Дочь рыбака, или бизнес по-деревенски
- Автор: Айлин Лин
- Жанр: Попаданцы / Любовное фэнтези
Читать книгу "Дочь рыбака, или бизнес по-деревенски"
Глава 1
- Ооох, как же я так умудрилась приложиться?
В голове весело перекликались колокола, в ушах звенело, а затылок нещадно болел.
- Как меня так угораздило?
В этот вечер мы отмечали в нашем ресторане получение звезды Мишлен, я стремилась к этому долгих двадцать лет. Последнее, что помню, как вышла из зала на кухню, немного отдохнуть от праздничной суеты. Среди своего царства плит, кастрюль и сковородок всегда чувствовала умиротворение.
И как же я так грохнулась? На фуршете выпила лишь бокал вина. Выйдя на кухню, подошла к столу и помню, как внезапно разболелась голова, разум затуманило, руки и ноги отказывались слушаться… А дальше – провал…
Понемногу приходила в себя. Тело било в ознобе, в горле нещадно саднило. Перед глазами все плыло. Пусть и с трудом, но мне всё же удалось сфокусировать взгляд на окружающей обстановке.
- Стоп. Что за чертовщина? – прохрипела я, горло резануло беспощадной болью, аж слёзы из глаз брызнули. Но на этом дело не кончилось, я надсадно закашлялась, грудь буквально разрывало от пренеприятнейших ощущений.
Чуть успокоившись и выровняв дыхание, а это произошло не сразу, снова сосредоточилась: по зрительным данным, я лежала на полу, на тонюсенькой дерюжке, в каком-то деревянном сарае, где воняло застарелыми тряпками, дымом и… рыбьей требухой.
«Здравствуй, галлюцинация! Приехали, госпожа шеф-повар, тебе черте что мерещится!», – мысленно взвыла я, боясь раздражать и без того страдающее горло.
О, у меня есть план, как это всё развидеть!

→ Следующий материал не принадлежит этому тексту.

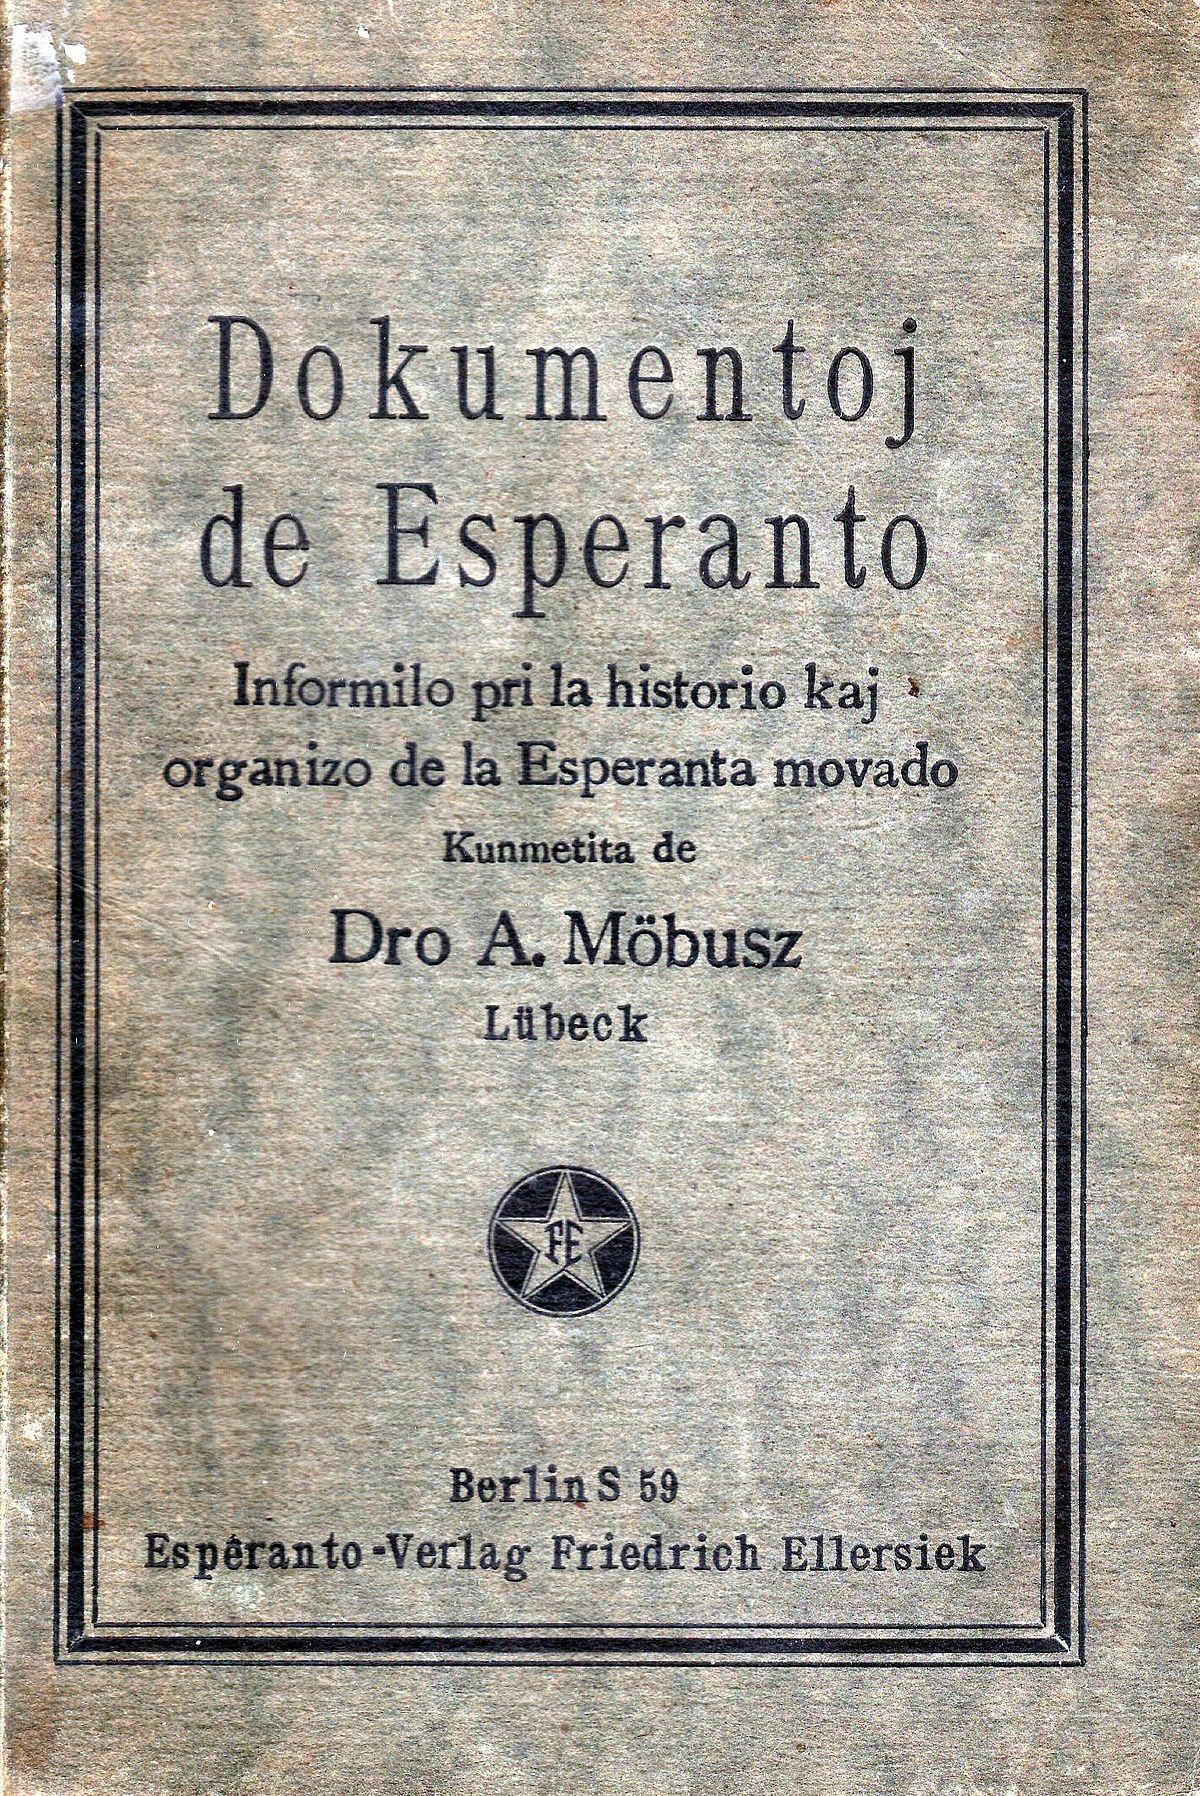 dokumentoj de esperanto vikipedio

Надо заново зажмуриться, авось отпустит.
А может, меня похитили?
Хотя какую ценность представляет для грабителей моя персона, пусть и одного из лучших шеф-поваров Москвы. Несмотря на свою немаленькую зарплату, с деньгами я расставалась легко и сбережений почти не имела. Разве что выкуп плитами и сковородками отдать. Кухонная утварь была моей страстью, и обстановка домашней кухни ни в чем не уступала ресторанной: лучшая техника, эксклюзивная посуда, хотя готовила дома я редко.
«Так, попытка номер два».
Я снова открыла глаза, в этот раз передо мной почти не плыло, вот только обстановка не изменилась. Все тот же сарай.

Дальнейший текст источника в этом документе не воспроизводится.